*** Recorded data Section Begins ***
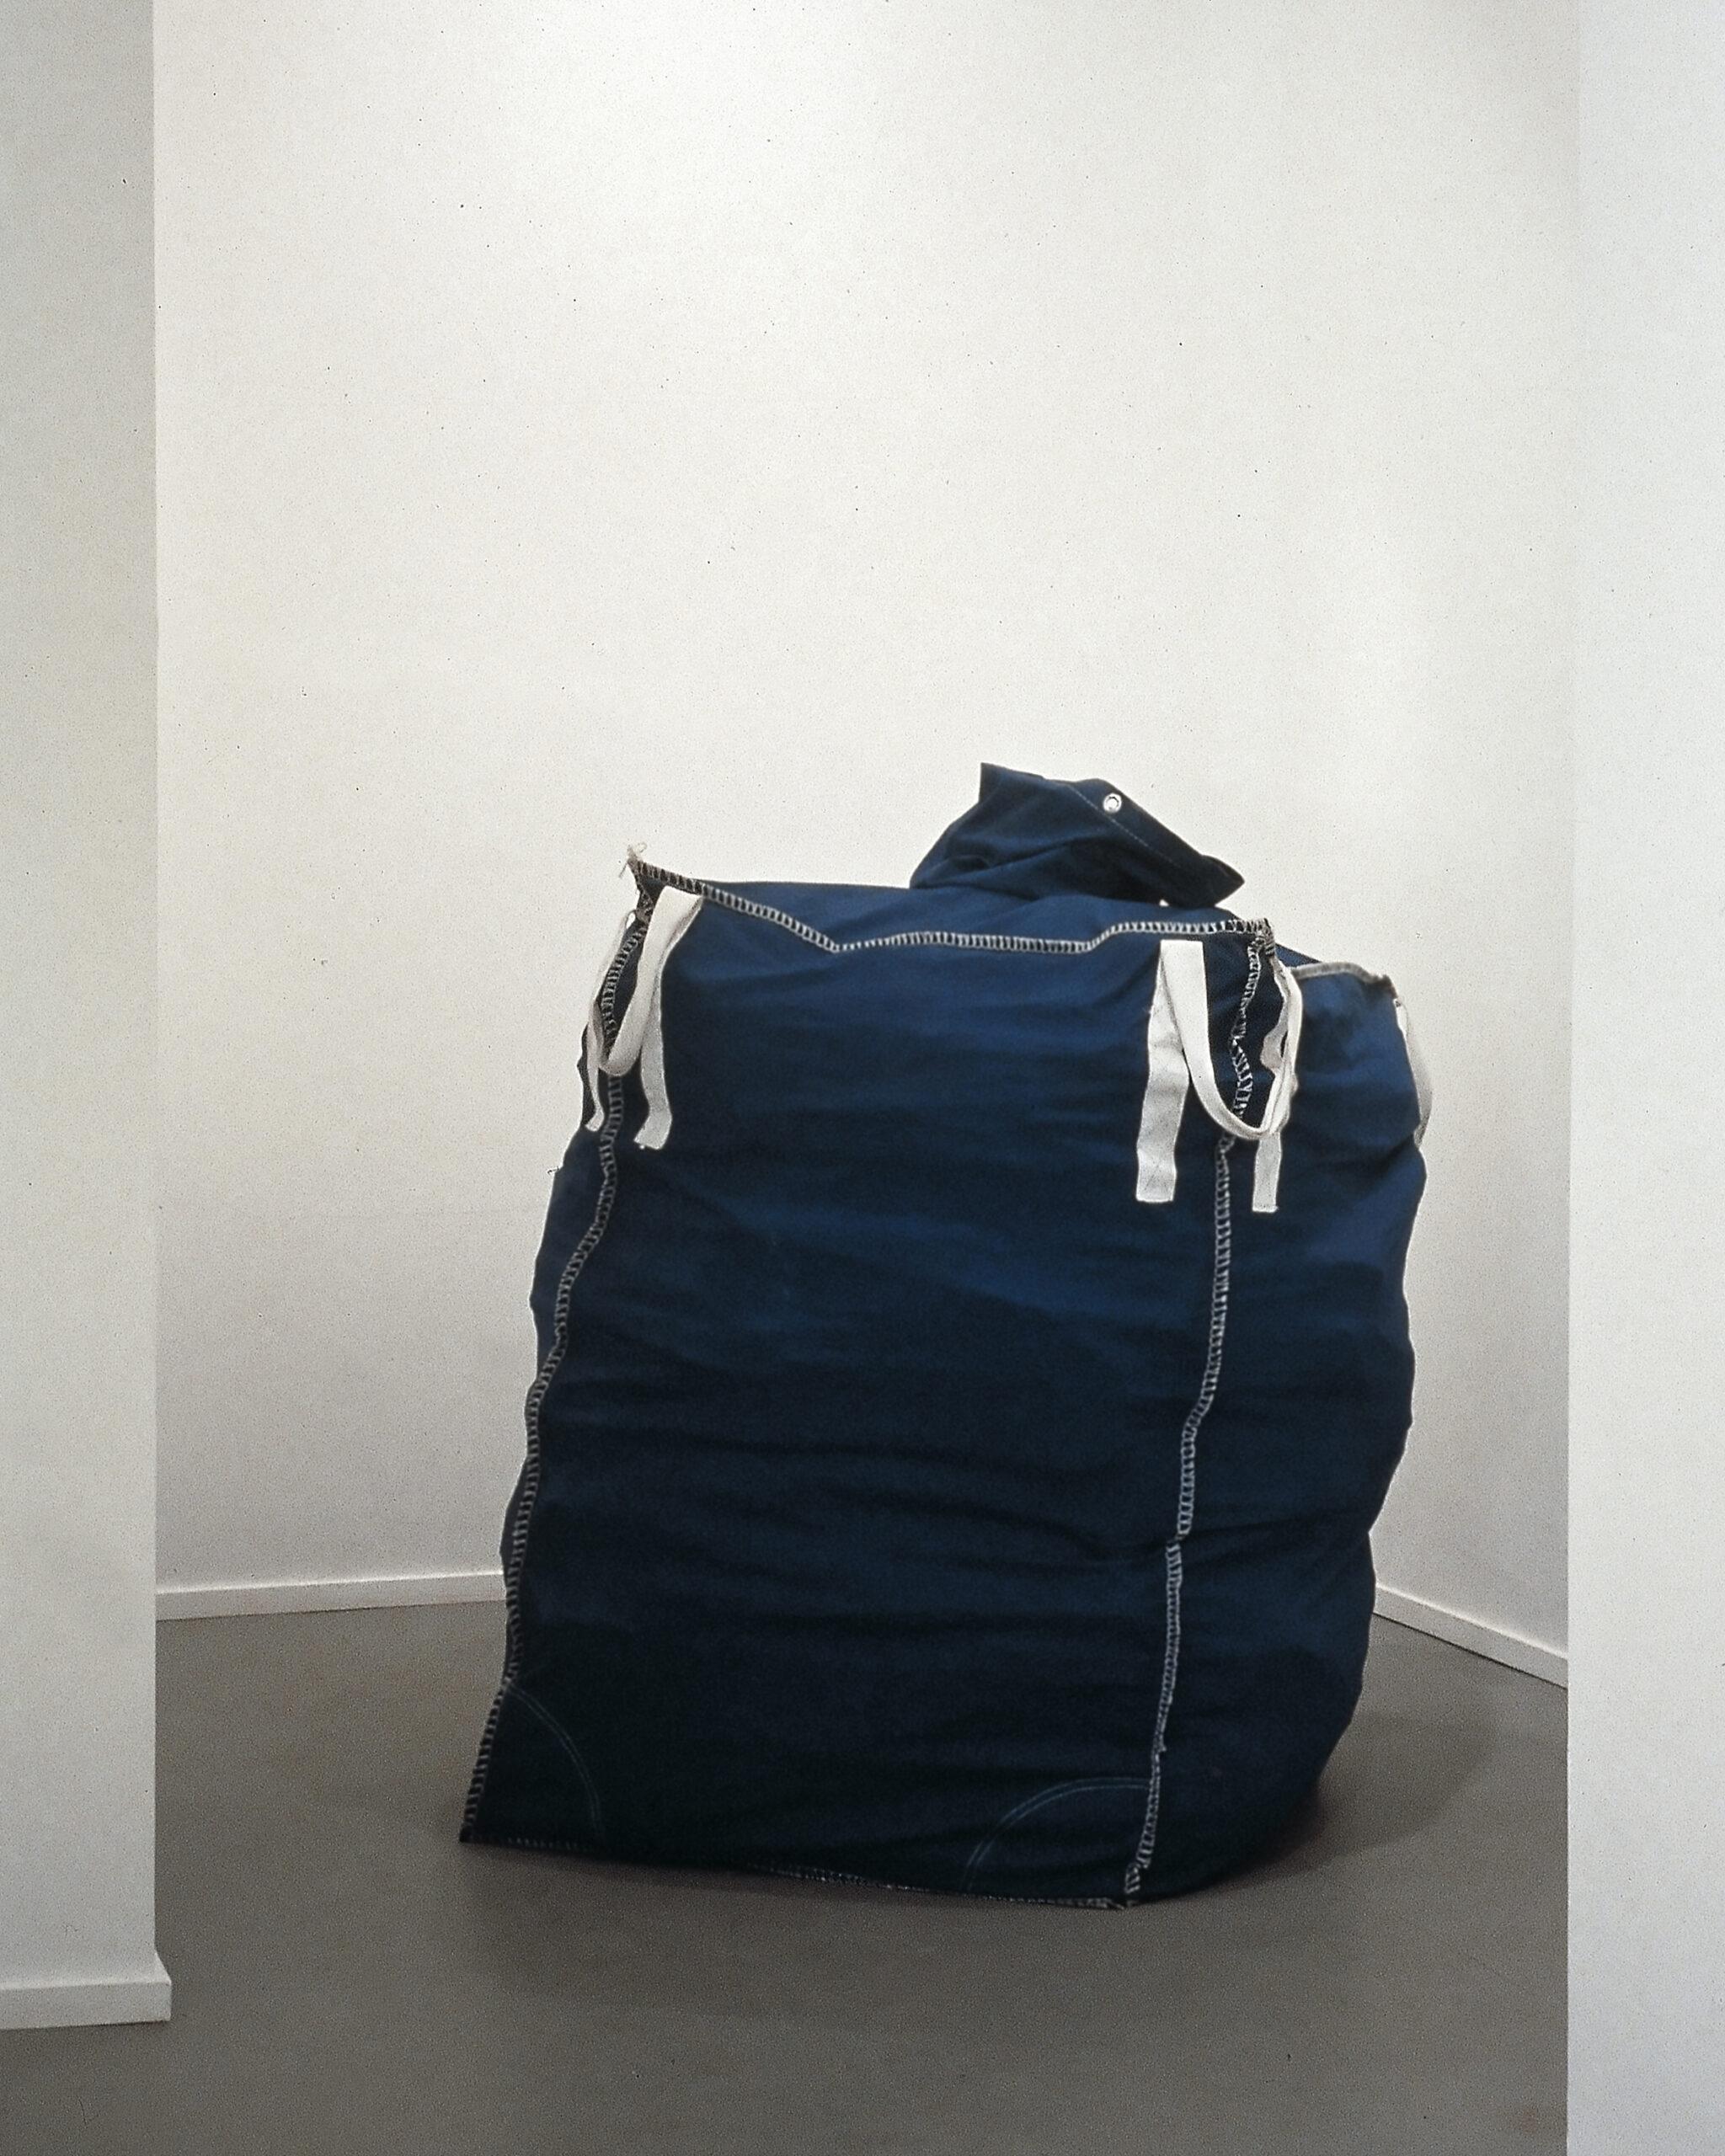 Maurizio Cattelan, Lullaby, 1994, Fabric, rubble, 135 x 85 x 85 cm  Installation view, Laure Genillard Gallery, London, 1996  Courtesy Maurizio Cattelan's Archive
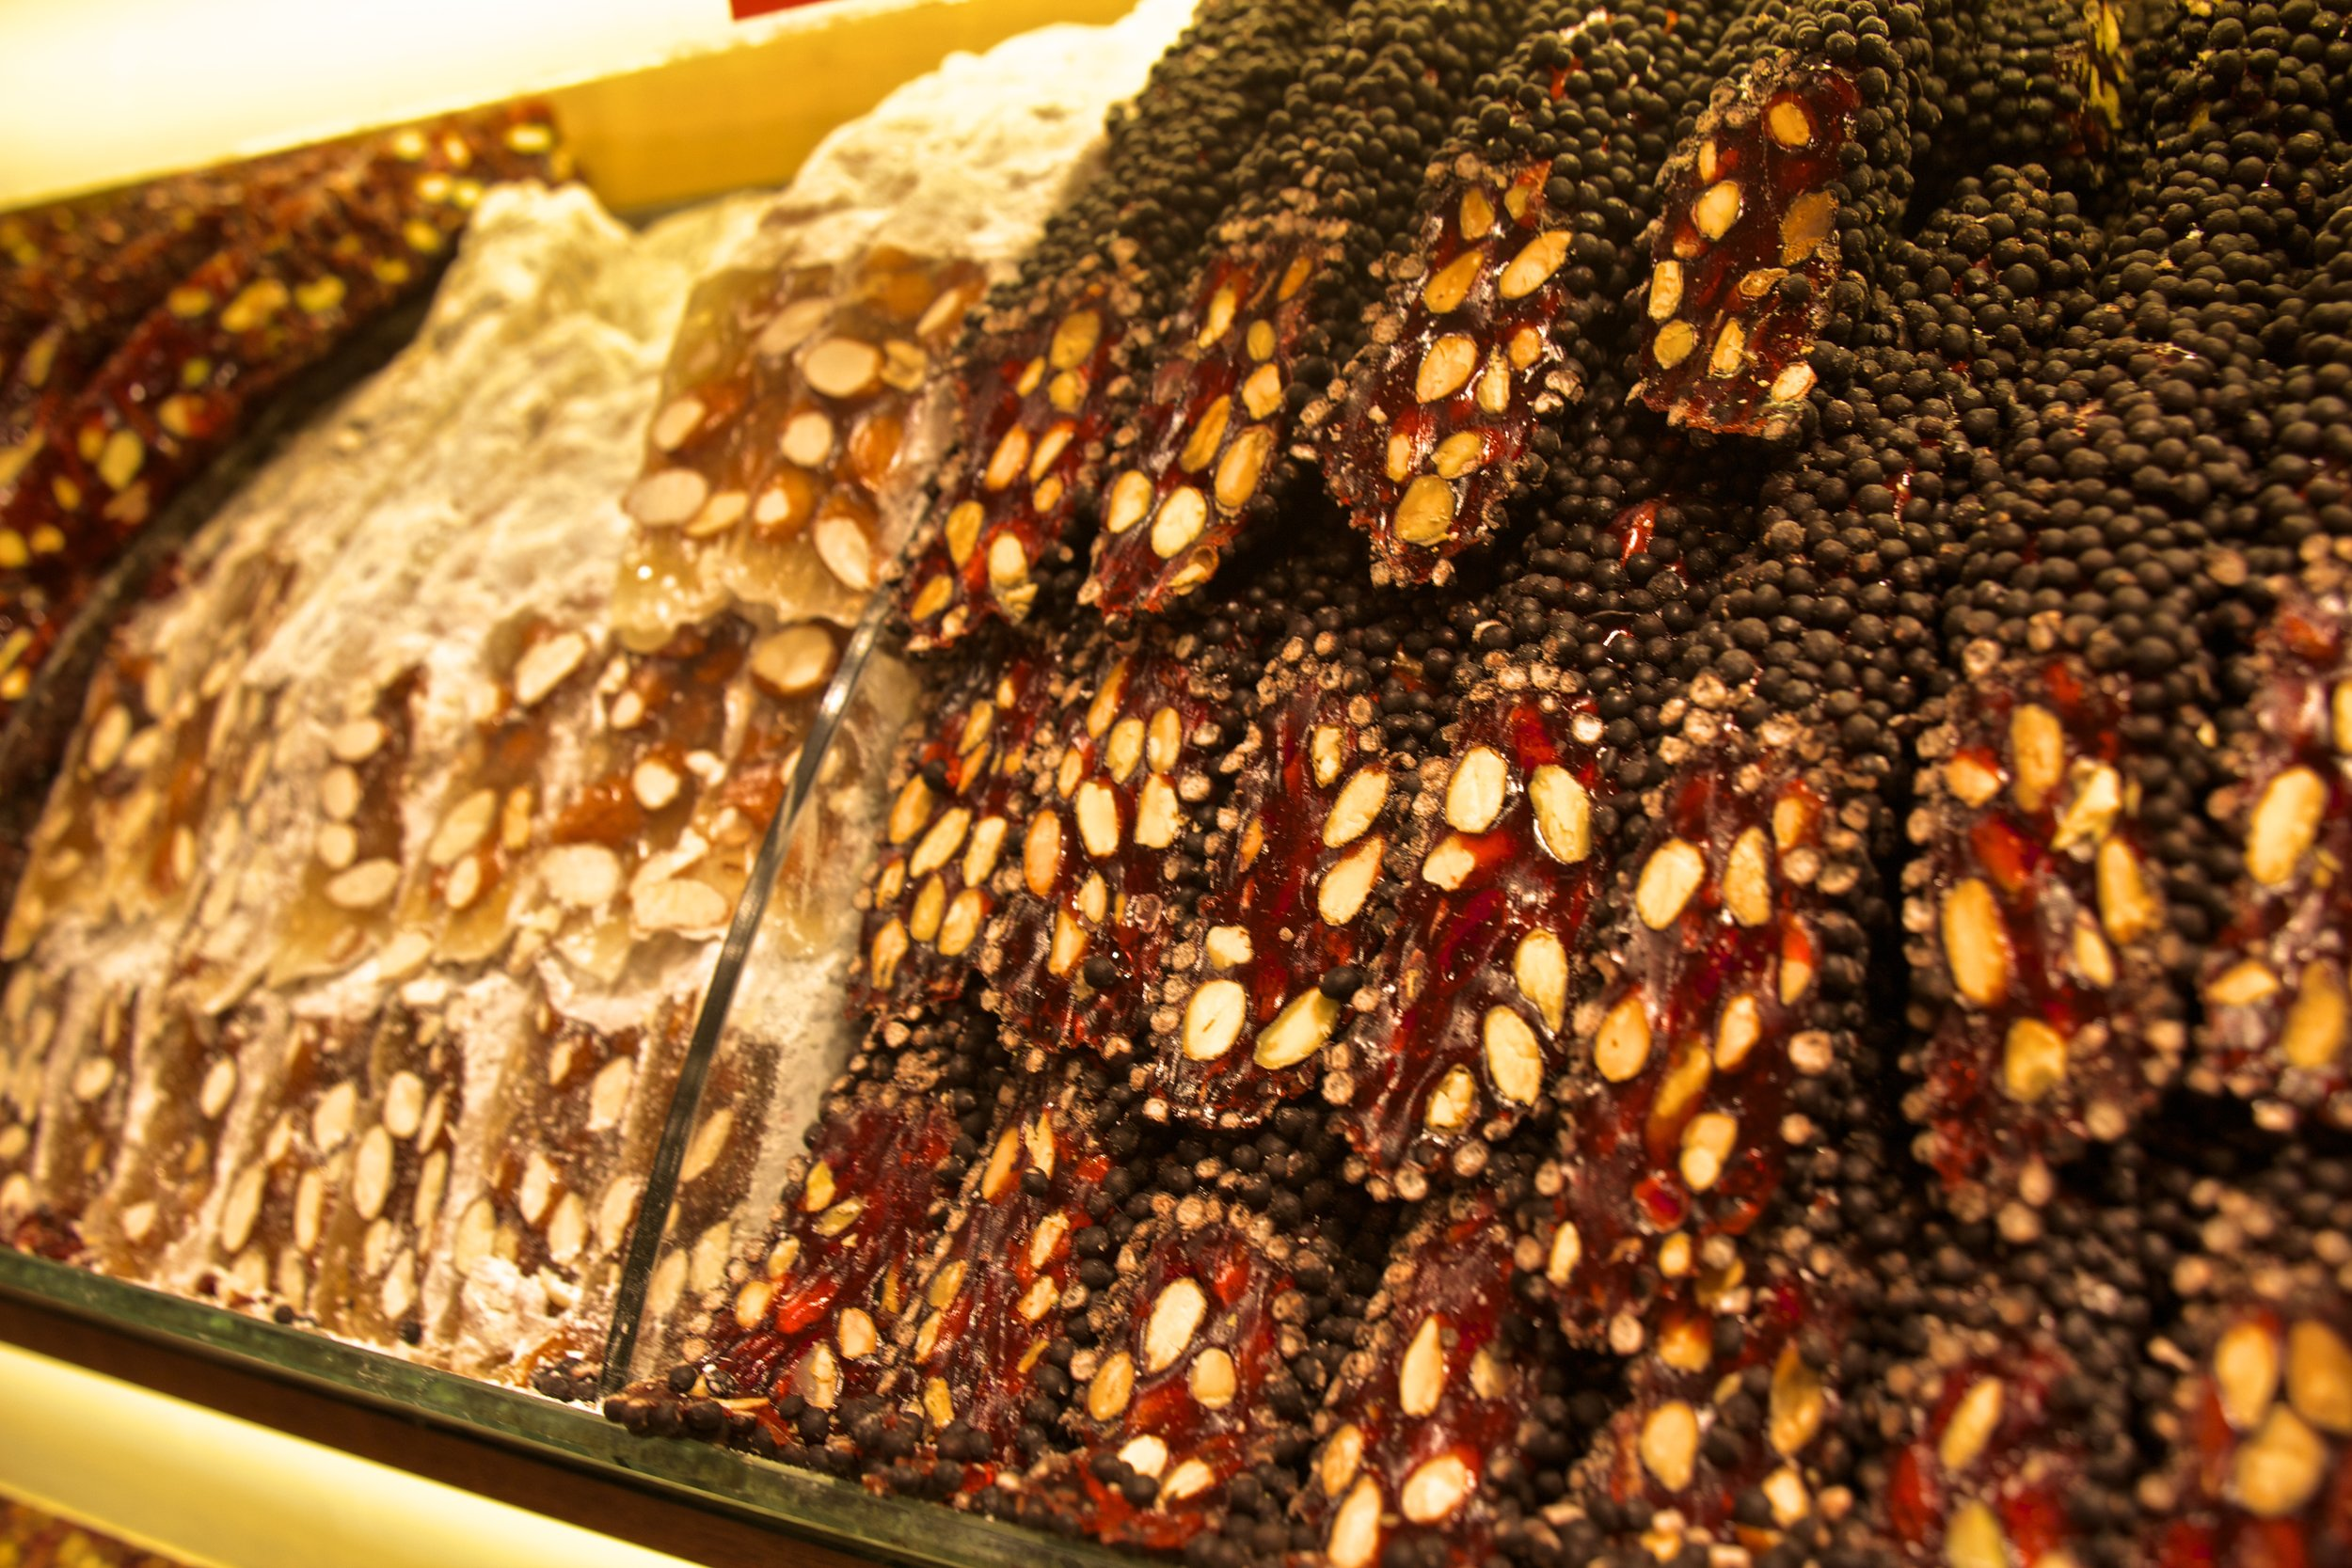 spice bazaar istanbul turkey 3.jpg
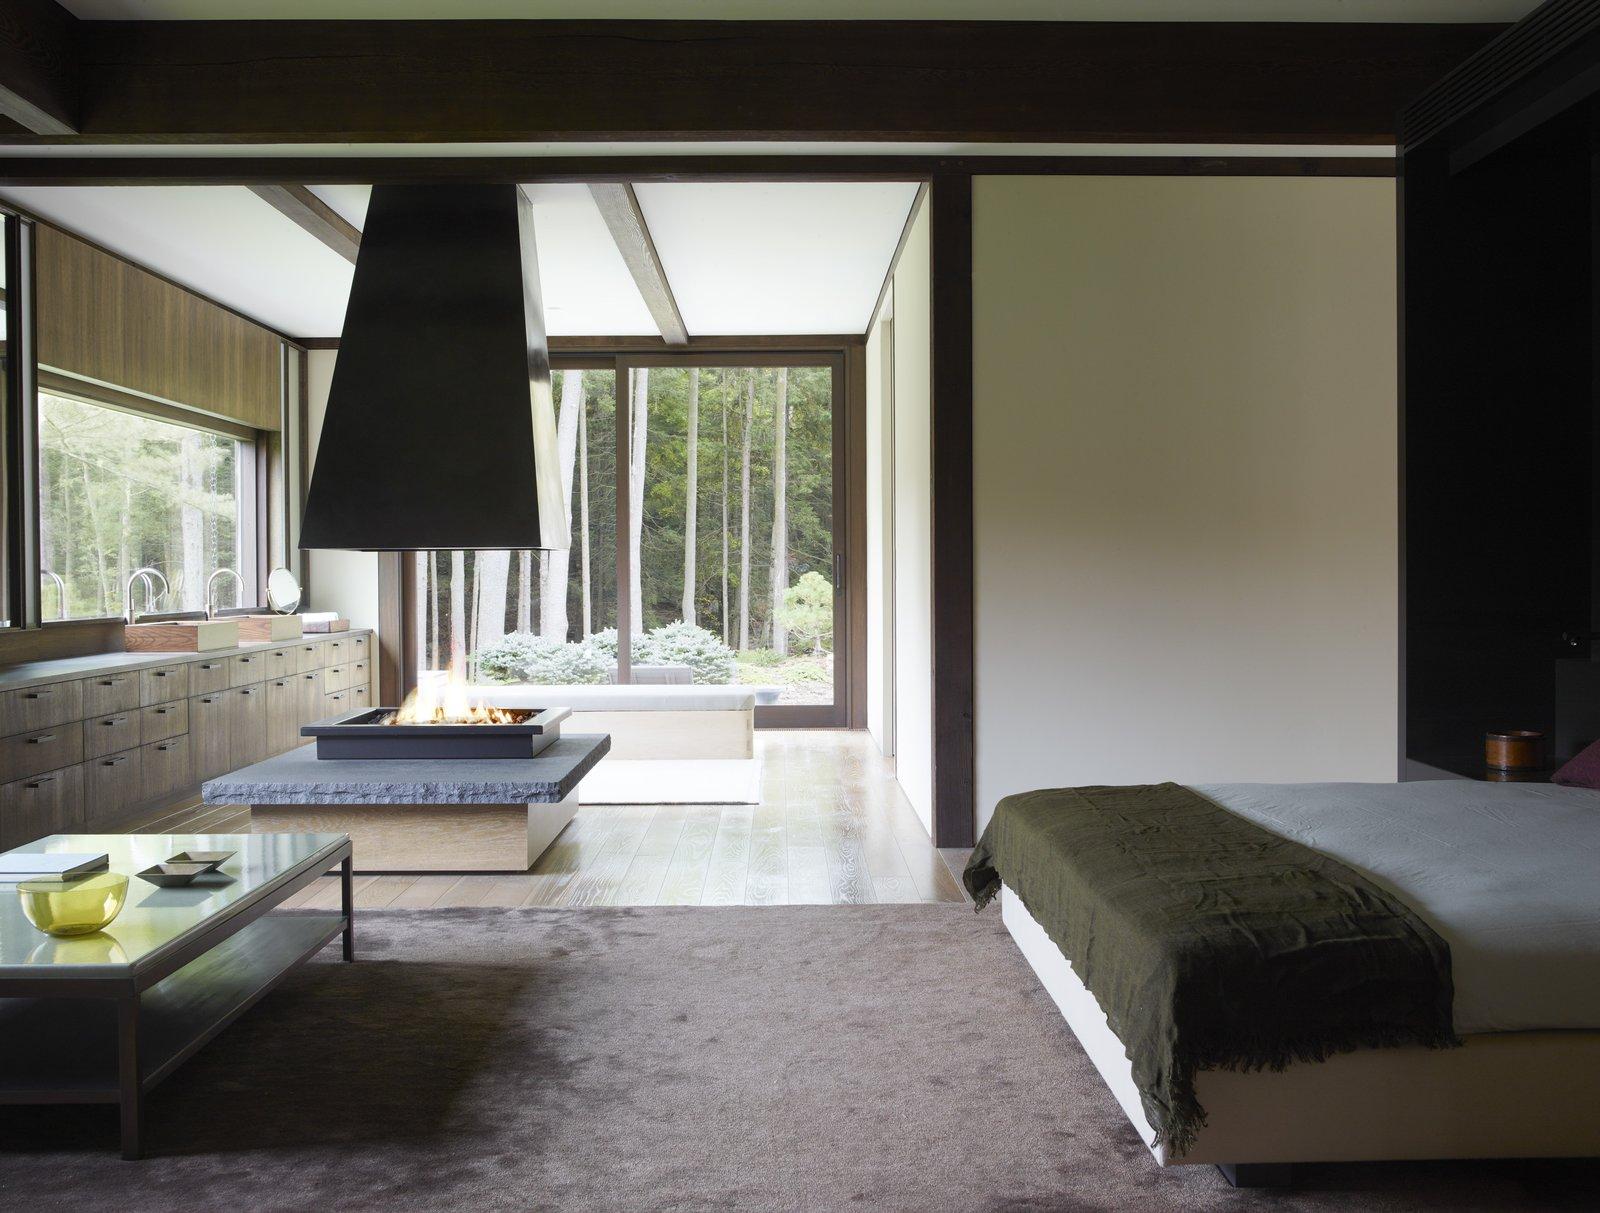 Bedroom, Bed, Medium Hardwood Floor, and Rug Floor  Photo 11 of 15 in Feast Your Eyes on Fashion Designer Josie Natori's Japanese-Inspired Home
*** Recorded data Section Ends ***
| Problem statement |
Leave out the pictures, and retype exactly the lines from the one containing "spice bazaar istanbul turkey 3.jpg" through the last line of the data above, no more and no less.

| Reply to the exercise |
 spice bazaar istanbul turkey 3.jpg
 Bedroom, Bed, Medium Hardwood Floor, and Rug Floor  Photo 11 of 15 in Feast Your Eyes on Fashion Designer Josie Natori's Japanese-Inspired Home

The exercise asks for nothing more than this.